May be a little hard to give a good answer.

Do you have a web link to the residential code used by the Republic of Latvia???


----------



## steveray (Nov 28, 2017)

LVL or engineered lumber company literature....You won't find it in the IRC


----------



## Pcinspector1 (Nov 28, 2017)

The WFCM (Wood Frame Construction Manual) has ridge beam capacity requirements for interior center bearing roof and ceiling, you'll need the snow load to use the table 2.16, engineering is advisable, you'll need fastener information and bearing requirements at the beams ends.


----------



## mark handler (Nov 28, 2017)

Accepted Engineering Practices consist of proven engineering methods, procedures, and practices that provide appropriate, cost-effective, and well-documented solutions to meet requirements and compliance with applicable regulations.


----------



## Mark K (Nov 28, 2017)

"accepted engineering practices" is vague.

I would say that this beam needs to be designed by a registered architect or engineer in accordance with the provisions in the IBC.


----------



## Pcinspector1 (Nov 28, 2017)

mark handler said:


> Accepted Engineering Practices consist of proven engineering methods, procedures, and practices that provide appropriate, cost-effective, and well-documented solutions to meet requirements and compliance with applicable regulations.



Mark, do you have a rubber stamp that sez all of that?  or the one that Mark K posted *"accepted engineering practices" *is vague.


----------



## conarb (Nov 28, 2017)

Mark K said:


> "accepted engineering practices" is vague.
> 
> I would say that this beam needs to be designed by a registered architect or engineer in accordance with the provisions in the IBC.


I've worked in an AHJ that not only requires an engineer's stamp but siesmic loads applied in 4 directions, then wind loads superimposed upon those siesmic loads, we don't have snow or I bet they would require snow loads apllied to those superimposed wind loads.  I've had them make me bring my engineer in with the engineering program he used and watched the plan checker SE make my engineer go thhrough the process.  At my next meeeting after he made changes they agreeed on she asked me: "Where did you find that guy?"


----------



## cda (Nov 28, 2017)

Pcinspector1 said:


> Mark, do you have a rubber stamp that sez all of that?  or the one that Mark K posted *"accepted engineering practices" *is vague.




Some people you have to spell out all the requirements


----------



## Mark K (Nov 28, 2017)

Conarb

Your plan checker who required both wind and seismic at the same time was wrong.  Asking the engineer to bring in the program is hard to justify.  Where did they find the plan checker?

The problem here is one where there is no clear solution in the IRC and thus you need to look to the IBC.  Also in California the licensing laws would require an engineer or architect to design the beam.


----------



## MT323 (Nov 28, 2017)

Pcinspector1 said:


> The WFCM (Wood Frame Construction Manual) has ridge beam capacity requirements for interior center bearing roof and ceiling, you'll need the snow load to use the table 2.16, engineering is advisable, you'll need fastener information and bearing requirements at the beams ends.


Once I know the capacity how do I determine the beam's size and spanning by engineering methods?
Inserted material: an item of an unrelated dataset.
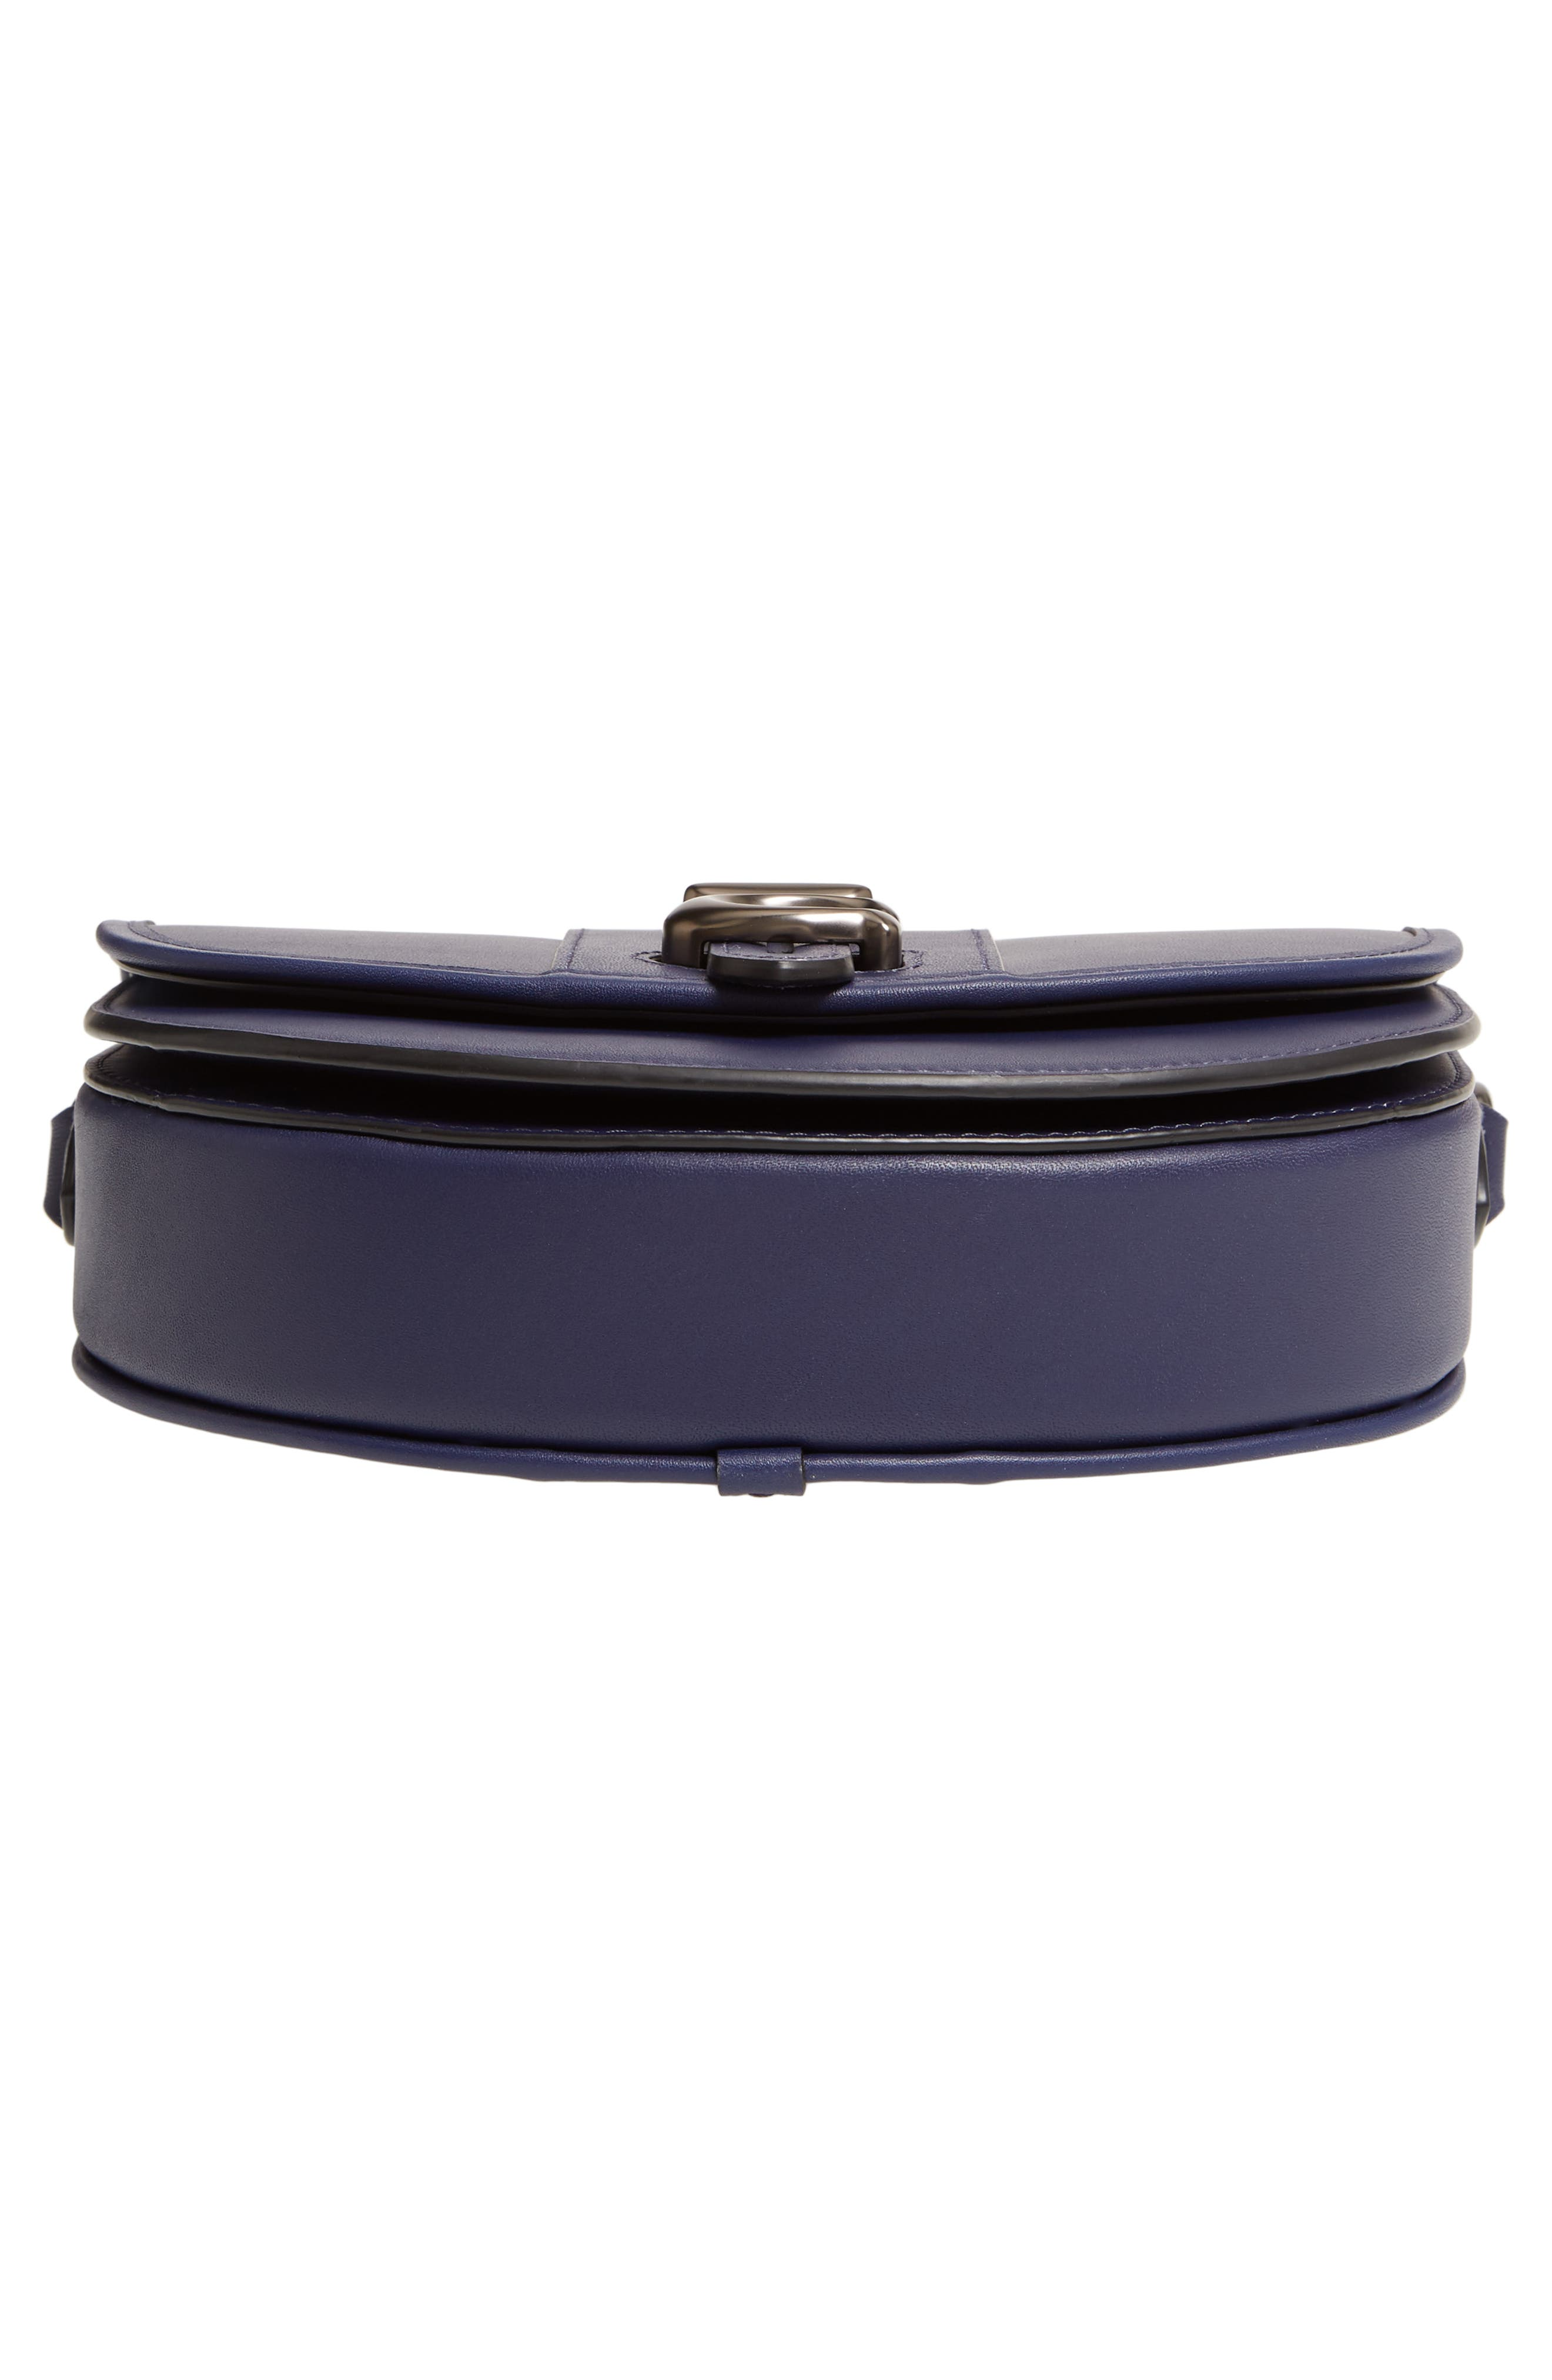 COACH, Saddle 20 Leather Saddle Bag, Alternate thumbnail 7, color, CADET

There's also a table on ridge beam spans in the prescriptive part, which for some reason is not present in the irc. Should I better use that?


----------



## classicT (Nov 28, 2017)

Non-Prescriptive Construction => Follow IBC => Designed by an Engineer


----------



## conarb (Nov 28, 2017)

Mark K said:


> Conarb
> 
> Your plan checker who required both wind and seismic at the same time was wrong.  Asking the engineer to bring in the program is hard to justify.  Where did they find the plan checker?
> 
> The problem here is one where there is no clear solution in the IRC and thus you need to look to the IBC.  Also in California the licensing laws would require an engineer or architect to design the beam.


Mark:

The home was designed using a German engineering program, I asked her if she had it and she said yes, she is a SE.  She finally admitted that she didn't have that program but that she had used it in a prior jurisdiction, so she asked that my engineer provide nodal points so she could transfer it to her program, finally she admitted that she couldn't transfer the nodal points and didn't have that program and asked me to bring my engineer in with the program loaded on a laptop so they could go over design forces together.   I agreed and stood over them while he animated the program, he was bringing forces from two directions so she sent him back to redo it with forces from 4 directions, once he started animating the seismic forces she then demanded that he superimpose wind loads from all 4 directions, I stood over them and watched the whole procedure.  I must say that these computerised animated design programs are impressive to watch, as forces are applied you can watch the frame flex throughout the structure, in this case my customer was educated as a mechanical engineer and had no problem with the added requirements or the additional costs assoicated with complying with them, but not everybody can afford this kind of design, one column to beam change agreed upon ended up costing an additional $44,000, when I told the customer he merely asked if it would make his house stronger?  When I said yes he readily agreed to pay the additional amount.


----------



## Francis Vineyard (Nov 29, 2017)

The following definition from the 2015 Residential Code Essentials is the same found in the (2015) IBC commentary:
*accepted engineering practice *– Engineered analysis based on well-established principles of mechanics and conforming to accepted principles, tests, or standards of nationally recognized technical authorities.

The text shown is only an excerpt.